RAFIKI FILM

Written by on September 24, 2018

They say that Wanuri Kahiu’s film Rafiki is controversial. The KFCB leadership banned it because it was “immoral” and “propagated Western Culture”. So when the court lifted the ban for seven days, I was there for the opening. Sunday, September 23 2018 found me at Prestige Plaza by 09:50h to catch the first public screening of this so called controversial movie. This post shall not contain spoilers, so still your beating heart.

Rafiki is a story about love, family, loyalty, community and leadership. It is largely a story about the Kenyan social fabric, with a special emphasis on the LGBTQIA society. If it were a regular love story, there would never be such hullabaloo about it because it would fit the preferred moral fabric of our beloved nation. The general expectation while watching the film was blatant lesbian sex scenes when in truth, there wasn’t any. I guess that’s a spoiler.

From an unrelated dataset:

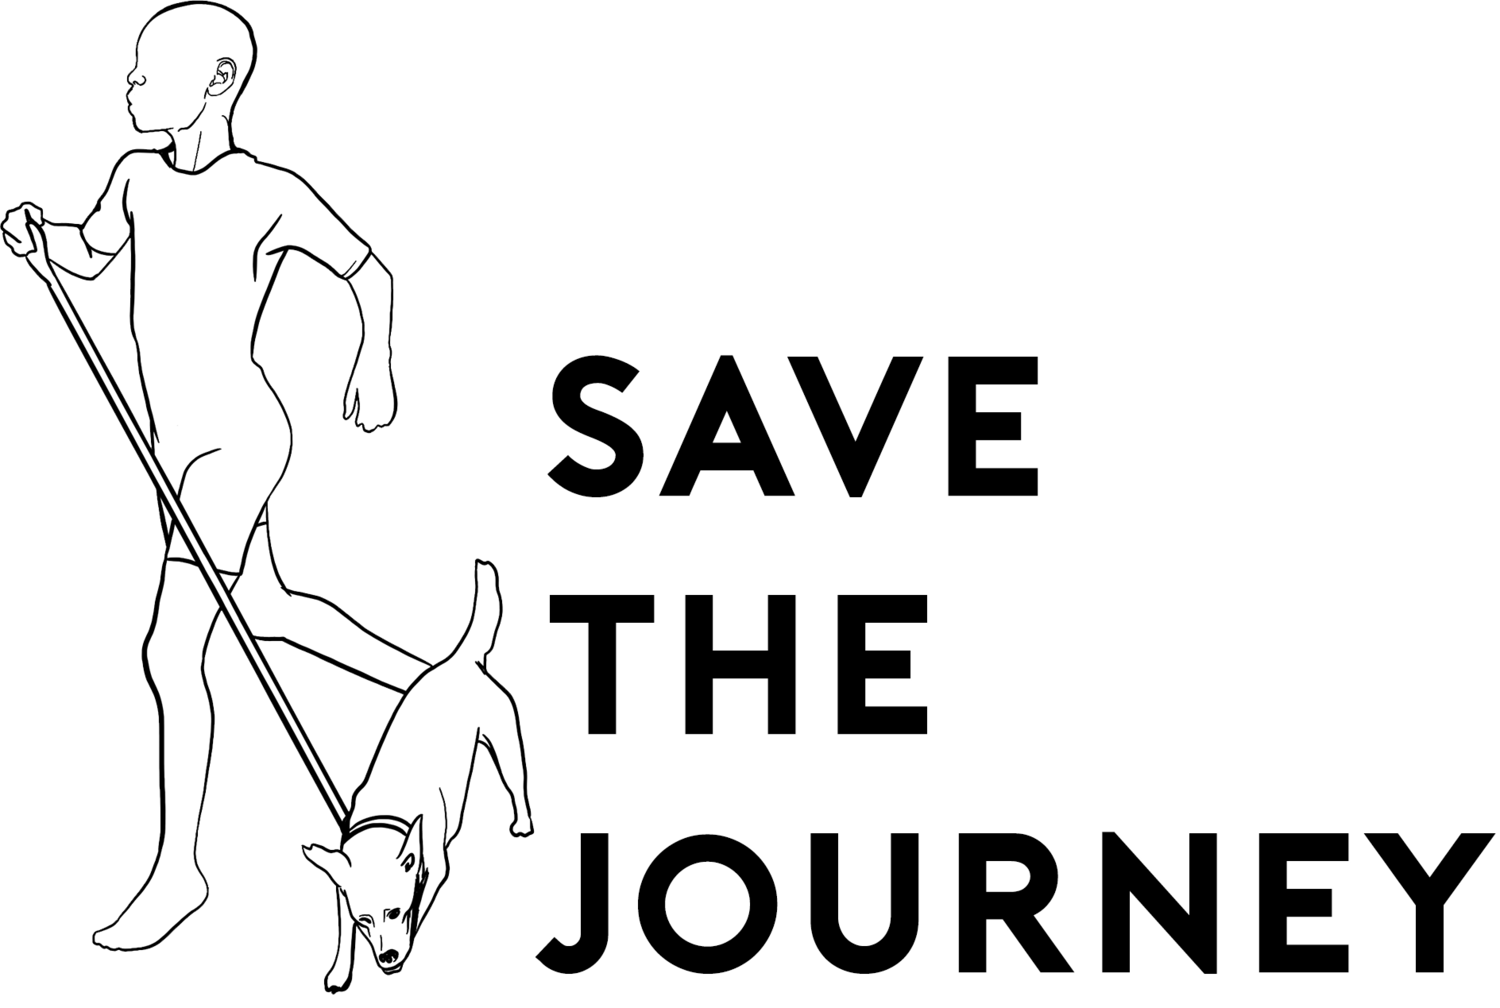 Save The Journey
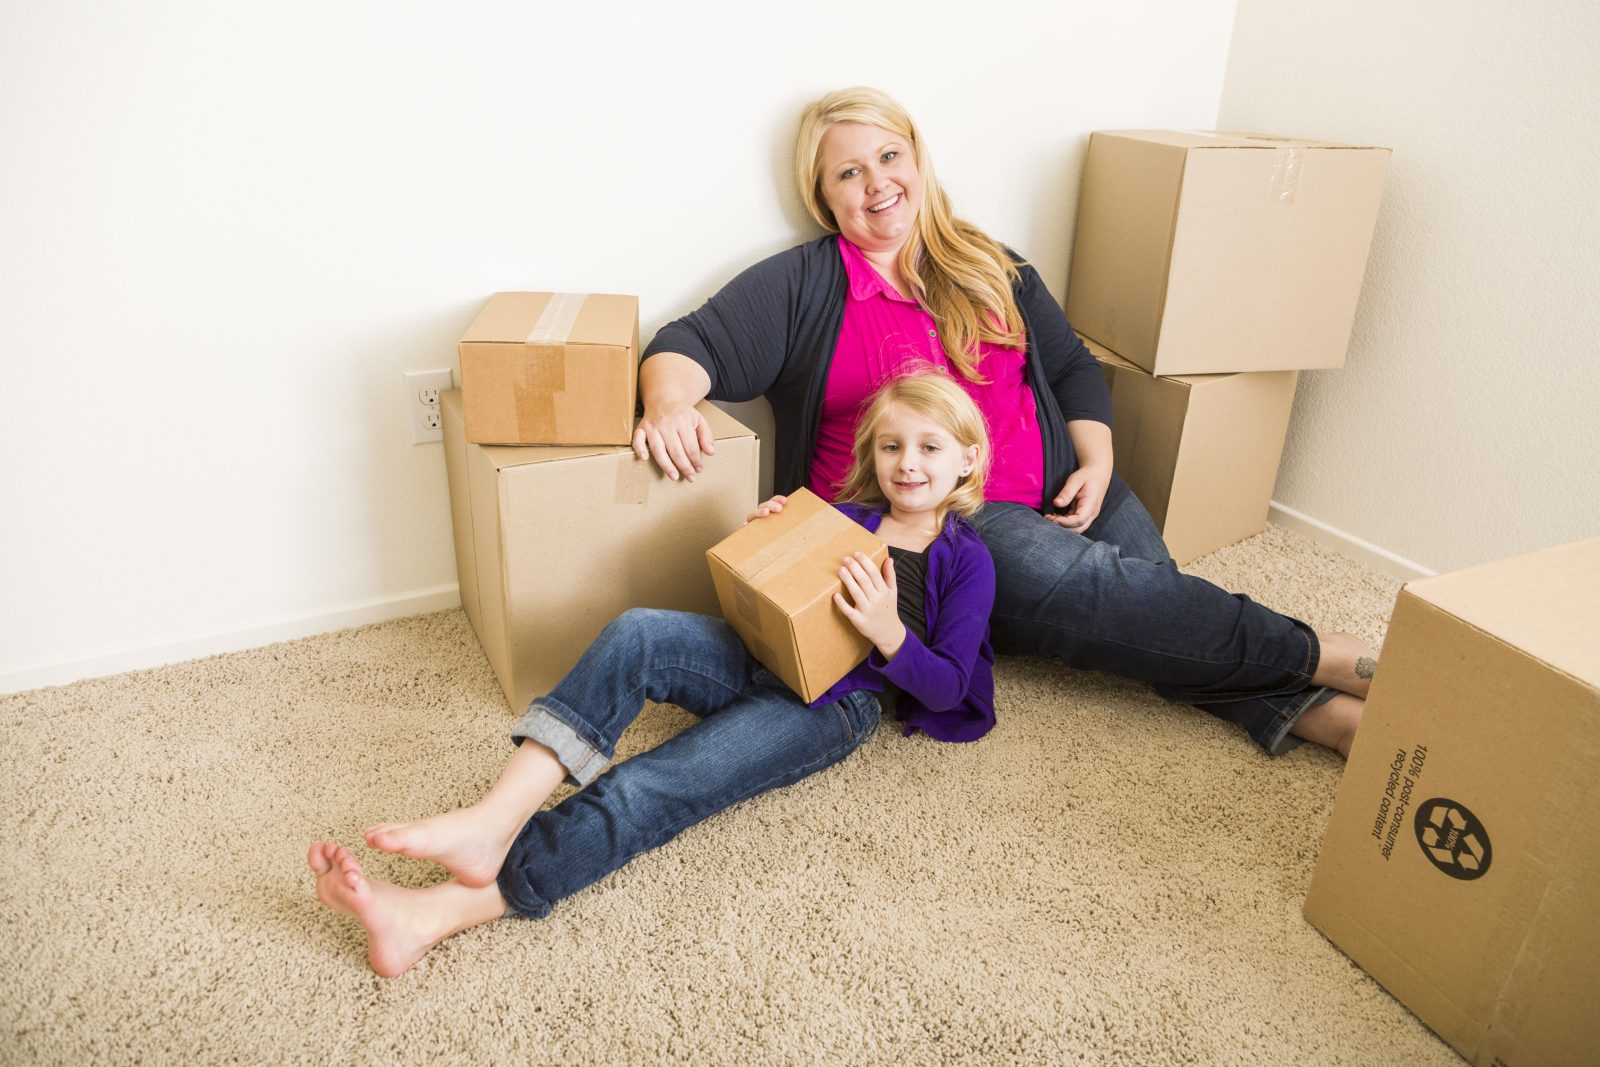 A single mom and her daughter unpack boxes in their new house.

What made the film “controversial”, and I use this term loosely, is the fact that the love story is between two women as opposed to between a man and a woman. Which is very confusing because I thought love is a universal language, and that every human being has the free will to love whoever they choose to love. All Wanuri did was tell a love story in an artistic way and use a less mainstream form of love that threatens the status quo. In my opinion, there really was no need to ban the film in the first place, because the story told by Rafiki is not one we are unaware of.

The film itself checks all the right emotional boxes; through the lives of Kena and Ziki, we see what typical Kenyan experiences on a day to day are like for the common mwananchi. Wanuri draws you in and has you emotionally invested in Kena and Ziki’s lives, and it’s almost impossible for the regular Kenyan to fail at finding a connection between their own lives and those of the cast of the movie. Even when Kena and Ziki are persecuted for their choices in love, there is a striking similarity to how many Kenyans have been persecuted over the same. Whether it’s irregular or regular love, each and every one of us has suffered for it.

It’s a powerful story. A story in many ways shared by Kenyans from all walks of life. Told from the perspective of the minority. That’s the only reason anyone would label Rafiki a controversial movie – because let’s face it, the minority is always considered the exception to the norm. But as any society, Kenyans define their normal and policing it to fit a tailor made fabric may not work, as evidenced by the opening of Rafiki. I suspect the rest of the showings will be as packed as the opening because collectively, we all love a win.